大渡河过饱和溶解气体原型观测研究

高坝泄洪会导致水中的总溶解气体（TDG）过饱和，其不利影响会持续较长范围，可能导致下游鱼类患气泡病甚至死亡。随着大量高坝的建成运行，这一生态环境问题更受关注。基于对大渡河水电站A三年的过饱和TDG原型观测数据，分析过饱和TDG生成释放的影响因素及其作用规律，并开展泄水方式优化的分析讨论。

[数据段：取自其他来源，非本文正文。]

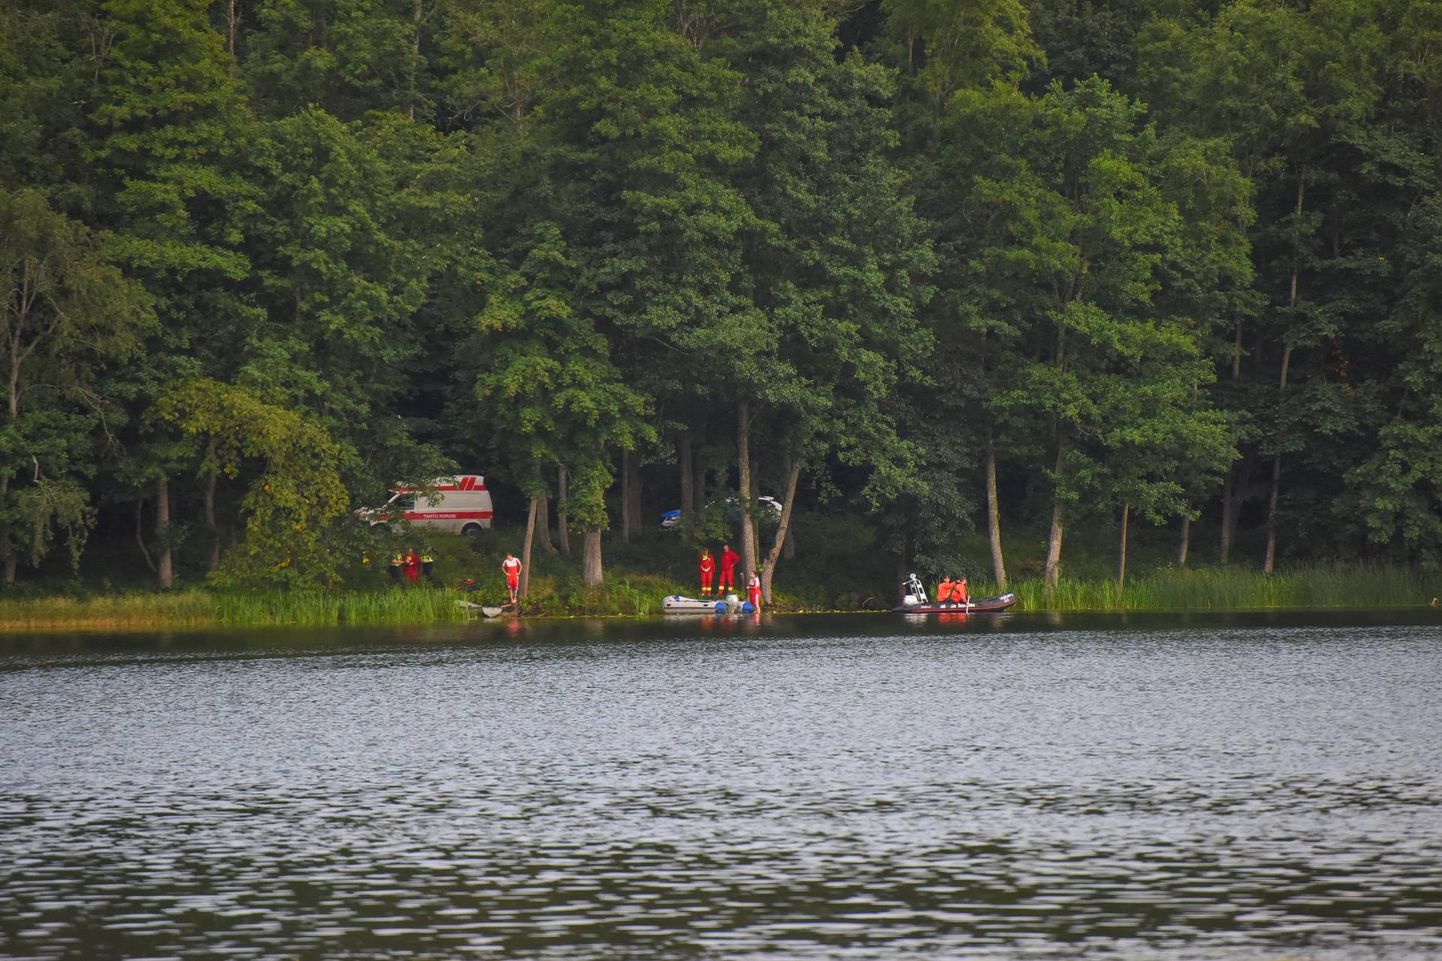 Pühapäeva õhtul otsisid päästjad Viljandi järve uppunud inimest. Surnukeha leiti kaldast viie meetri kauguselt.

结果表明，不同的泄洪建筑物泄洪生成的过饱和TDG差异较为显著，深孔泄洪生成的饱和度水平高于泄洪洞泄洪生成水平；TDG饱和度生成值与泄洪流量成较好的正相关关系，而与下游水位的关系并不显著；初始饱和度的高低影响单位距离TDG饱和度降低值的大小；水深是影响过饱和TDG释放的重要因素，水深越小的河段释放系数越大。基于三年原型观测数据的分析结果，进一步提出水电站A过饱和TDG生成预测模型，并对汛期的大坝泄洪调度提出减缓过饱和TDG影响的优化建议：当流量小于泄洪洞泄洪能力（1384 m3﹒s-1）时，采用泄洪洞泄洪；当流量大于泄洪洞泄洪能力且小于2600 m3﹒s-1时，采用单深孔与泄洪洞联合泄洪，可将生成的TDG饱和度控制在129%以下。多年期的原型观测研究丰富了高坝泄洪过饱和TDG的原型观测成果，为进一步探究过饱和TDG机制和TDG减缓措施提供重要基础数据和技术支撑，对水电开发河流的水生态保护具有一定意义。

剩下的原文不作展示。